I just made a couple of small changes for BuiltinFunctionCalls. The problem here is that PyCFunction calls were optimized for flags == 0 and not flags == METH_VARARGS, which is more common.
The scary thing about BuiltinFunctinoCalls is that the profiler shows it spending almost 30% of its time in PyArg_ParseTuple(). It certainly is a shame that we have this complicated, slow run-time parsing mechanism to deal with a static property of the code, namely how many arguments it takes and whether their types are.
A few of the other tests, SimpleComplexArithmetic and CreateStringsWithConcat, are slower because of the new coercion logic. I didn't spend much time on SimpleComplexArithmetic, but I did look at CreateStringsWithConcat in some detail. The basic problem is that "ab" + "cd" gets compiled to BINARY_ADD, which in turn calls PyNumber_Add("ab", "cd"). This function tries all sorts of different ways to coerce the strings into addable numbers before giving up and trying sequence concat.
It looks like the new coercion rules have optimized number ops at the expense of string ops. If you're writing programs with lots of numbers, you probably think that's peachy. If you're parsing HTML, perhaps you don't :-).

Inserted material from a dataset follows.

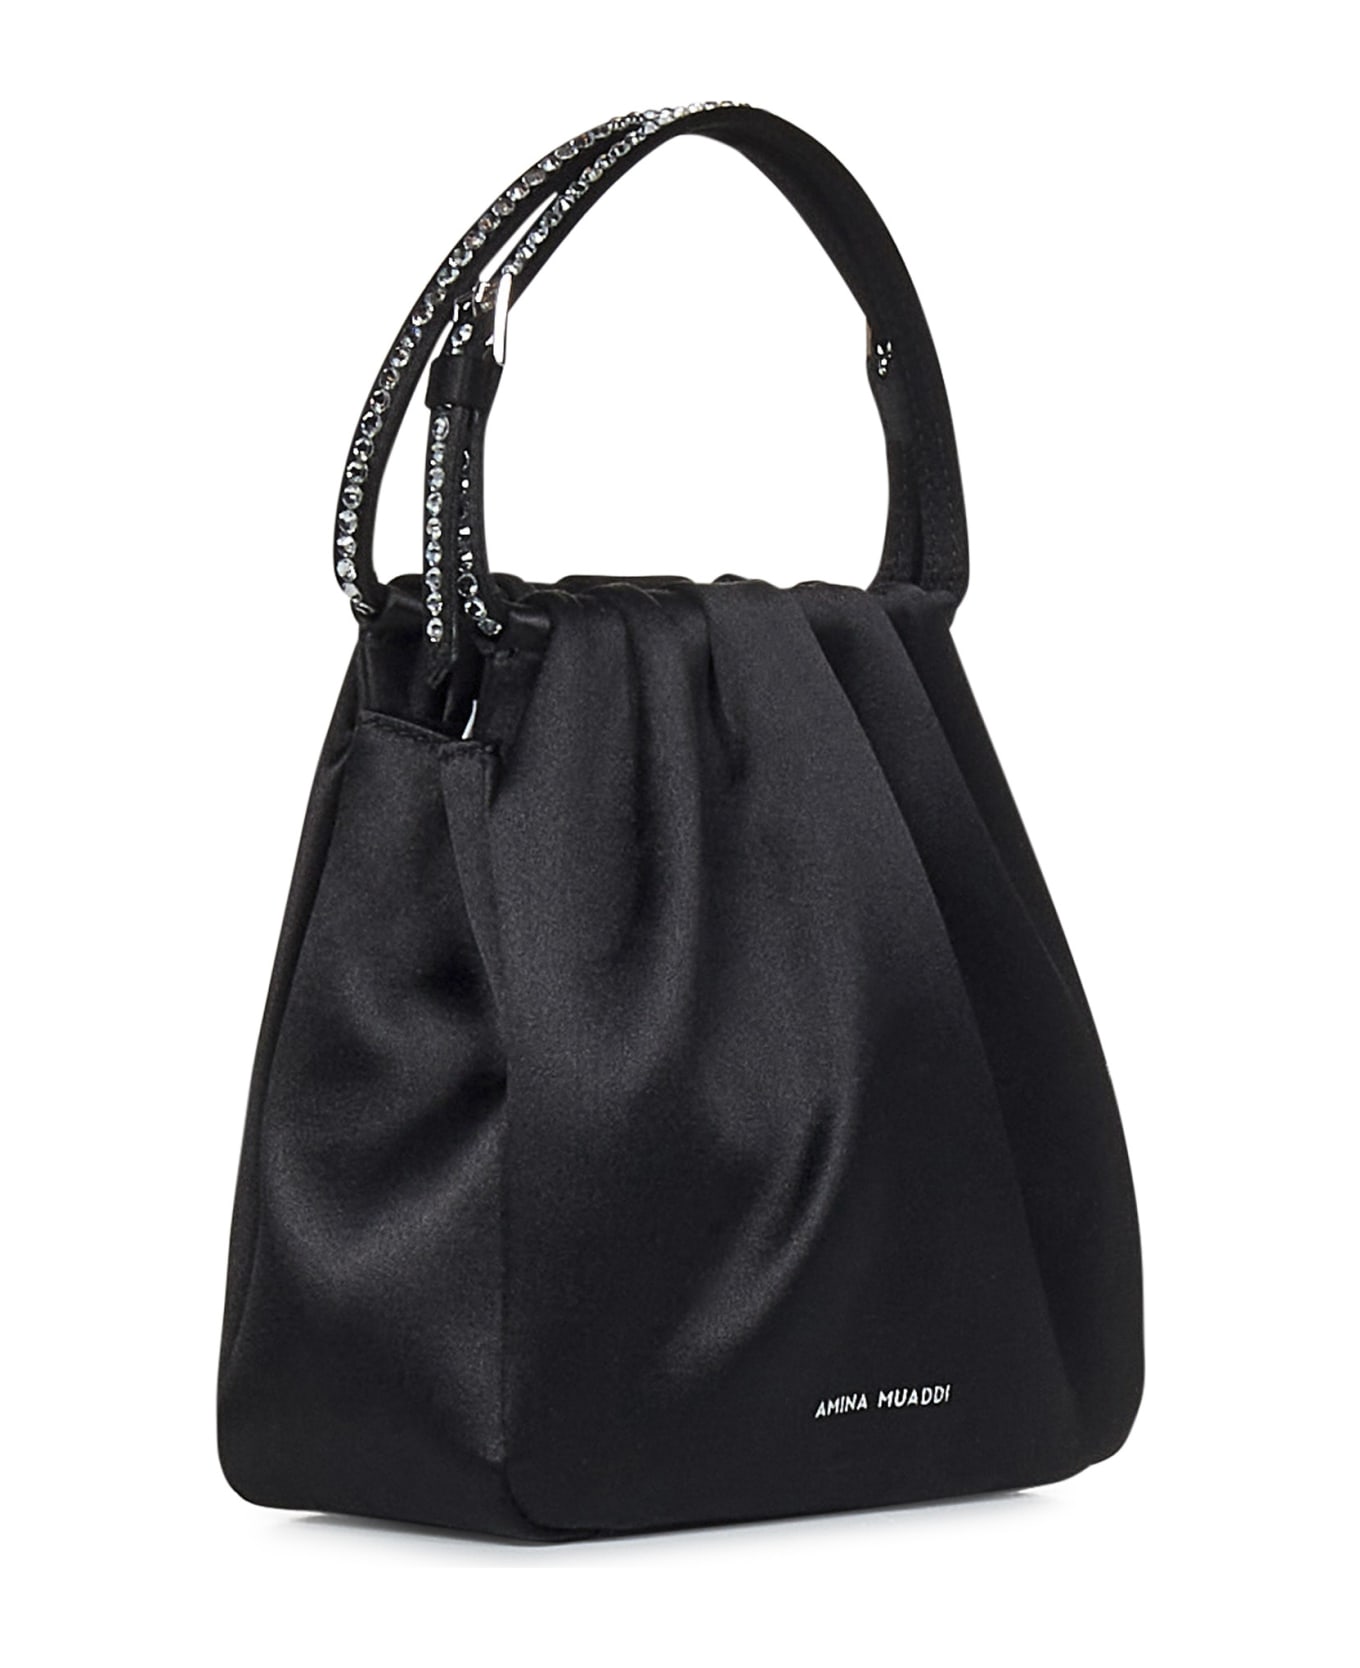 Amina Muaddi Vittoria Crystal Handbag - Black

I looked at the test suite to see how often it is called with non-number arguments. The answer is 77% of the time, but almost all of those calls are from test_unicodedata. If that one test is excluded, the majority of the calls (~90%) are with numbers. But the majority of those calls just come from a few tests -- test_pow, test_long, test_mutants, test_strftime.
If I were to do something about the coercions, I would see if there was a way to quickly determine that PyNumber_Add() ain't gonna have any luck. Then we could bail to things like string_concat more quickly.
I also looked at SmallLists. It seems that the only significant change since 1.5.2 is the garbage collection. This tests spends a lot more time deallocating lists than it used to, and the only change I see in the code is the GC. I assume, but haven't checked, that the story is similar for SmallTuples.
So the primary things that have slowed down since 1.5.2 seem to be: comparisons, coercion, and memory management for containers. These also seem to be the things that have improved the most in terms of features, completeness, etc. Looks like we need to revisit them and sort out the performance issues.